Three key things from Wales v England
SIX NATIONS ANALYSES: Wales stormed back in the second half to beat England 21-13 and keep alive their hopes of winning the Six Nations Grand Slam whilst dashing their opponents’ aspirations of a second one under Eddie Jones.
AFP picked out three key things from the match which also saw Wales post a national record 12th successive win:
Liam Williams said he and his Welsh teammates always knew they were a great side but if there was one player that stood out in both halves it was the full-back. With Leigh Halfpenny missing due to concussion Williams stepped up both in defence and attack, which more than made up for him not being able to kick at goal, a weapon that Halfpenny has in his locker.
The Saracens flyer was Wales’ most effective attacker in the first half but his coolness under the high ball that England had used to unnerve the Irish and then the French, made a decisive difference. It made their opponents look one dimensional in attack, two weeks after easily notching up 44 points against France.
The 27-year-old went close to a deserved try in the dying minutes – Jack Nowell’s excellent tackle denying him – and then a wonderful up and under which he also out-jumped the England defender and caught himself summed up a stupendous performance. With Halfpenny due to make his long-awaited comeback from concussion issues on Sunday it could be a very tough call for Gatland ahead of the Scotland game in a fortnight’s time.

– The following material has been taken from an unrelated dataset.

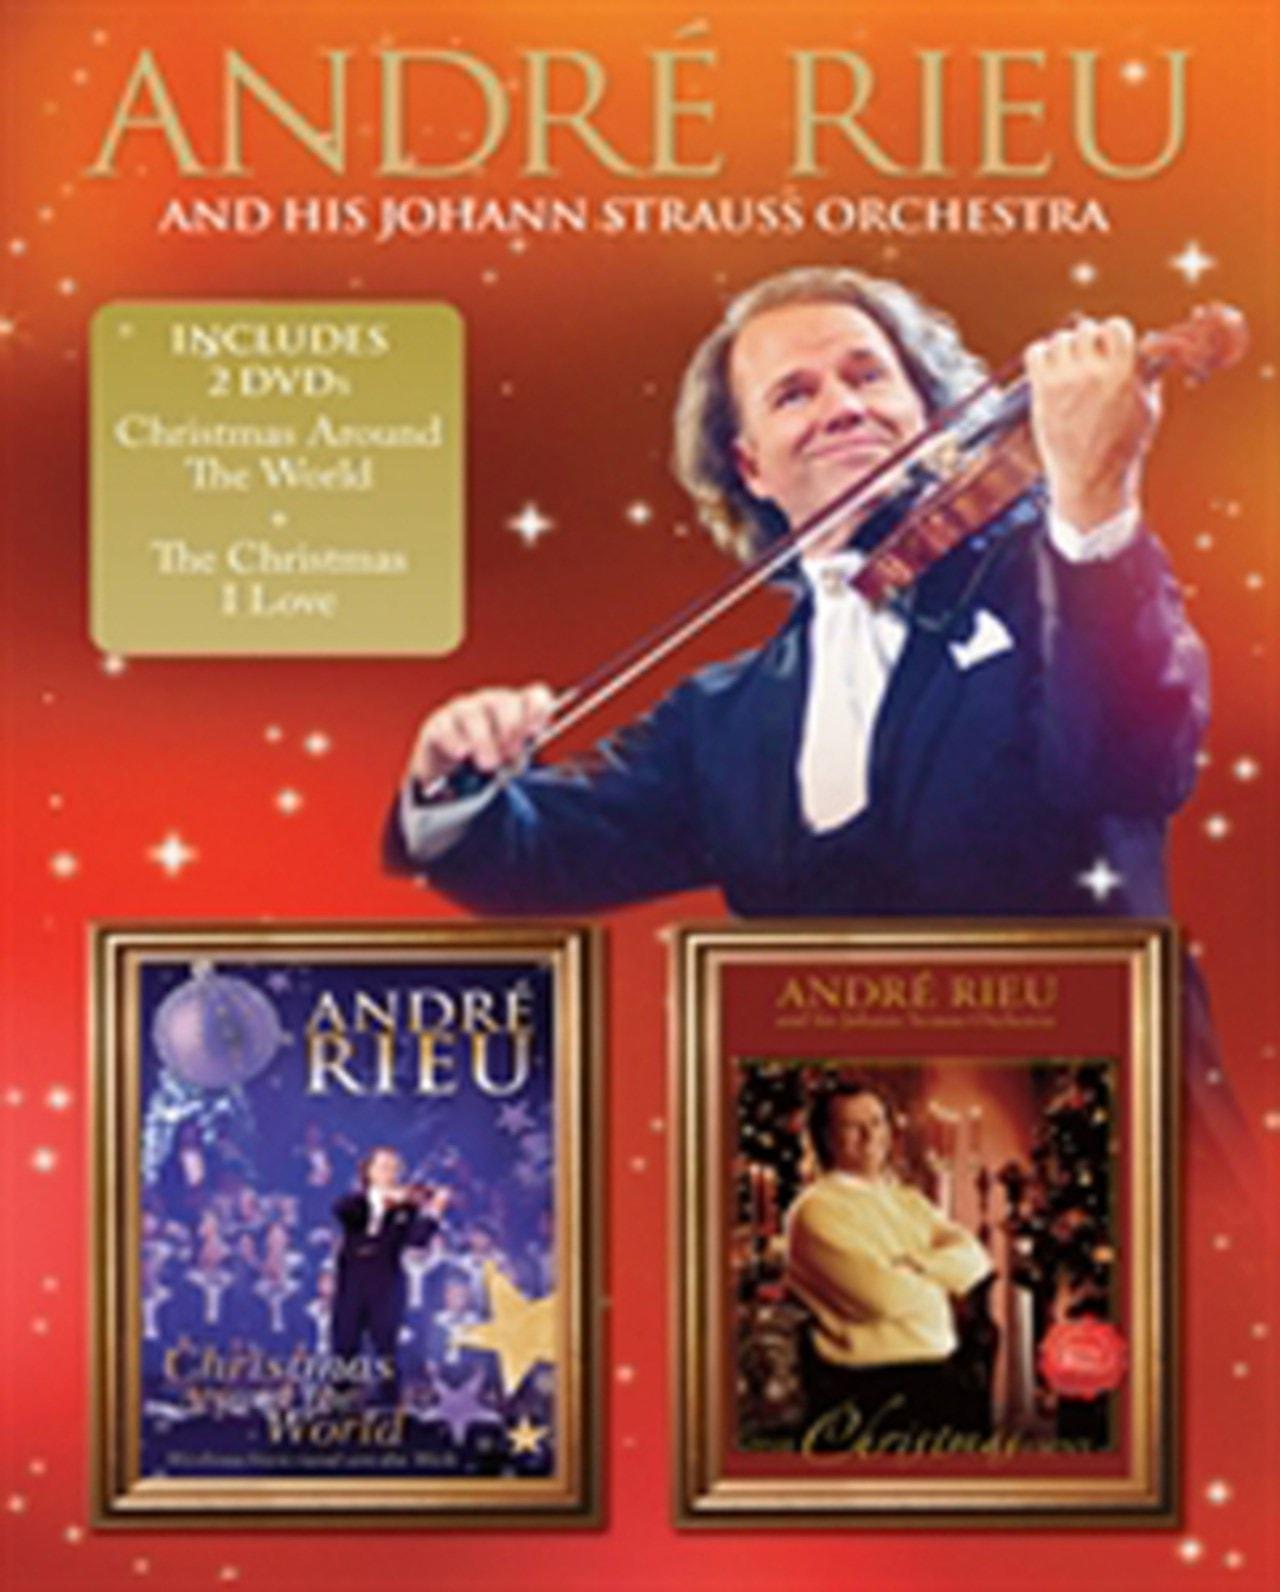 Andre Rieu: Christmas Around the World/The Christmas I Love - 1

Manu Tuilagi showed in one flash in the second-half what might have been as he cut a swathe through the Welsh defence only to be brought to ground. However, there was too little of that sort of bulldozing incisive running from the Leicester star, who found himself rarely with the ball in hand.
The 27-year-old may have had his head turned and focus distracted by the headlines during the week of a lucrative end of season move to big spenders Racing 92. He will need to refocus for the next clash with Italy – and also direct some of the fire he showed in grabbing Liam Williams round the throat into more productive ways on the pitch.
Scars of the past haunt England
The assured displays of the first two games made it look like England were back in the pomp of Eddie Jones’s first couple of years in charge but this display showed that the mental scars of last year’s poor series of results remain. Reasonably comfortable at half-time as their 10-3 lead gave them a good enough base to push on.
However, as Wales upped their performance so doubts crept into England with prop Kyle Sinckler’s dubious temperament cracking and having been a ferocious tackler in the first-half his sudden descent into niggly fouls sounded the alarms. Perhaps nothing symbolised this more than their captain and previously indomitable Owen Farrell kicking straight into touch. Maybe, fortunately, they have Italy next up although another tough test might have suited them better to see if they could weather the mental doubts that must have crept back in.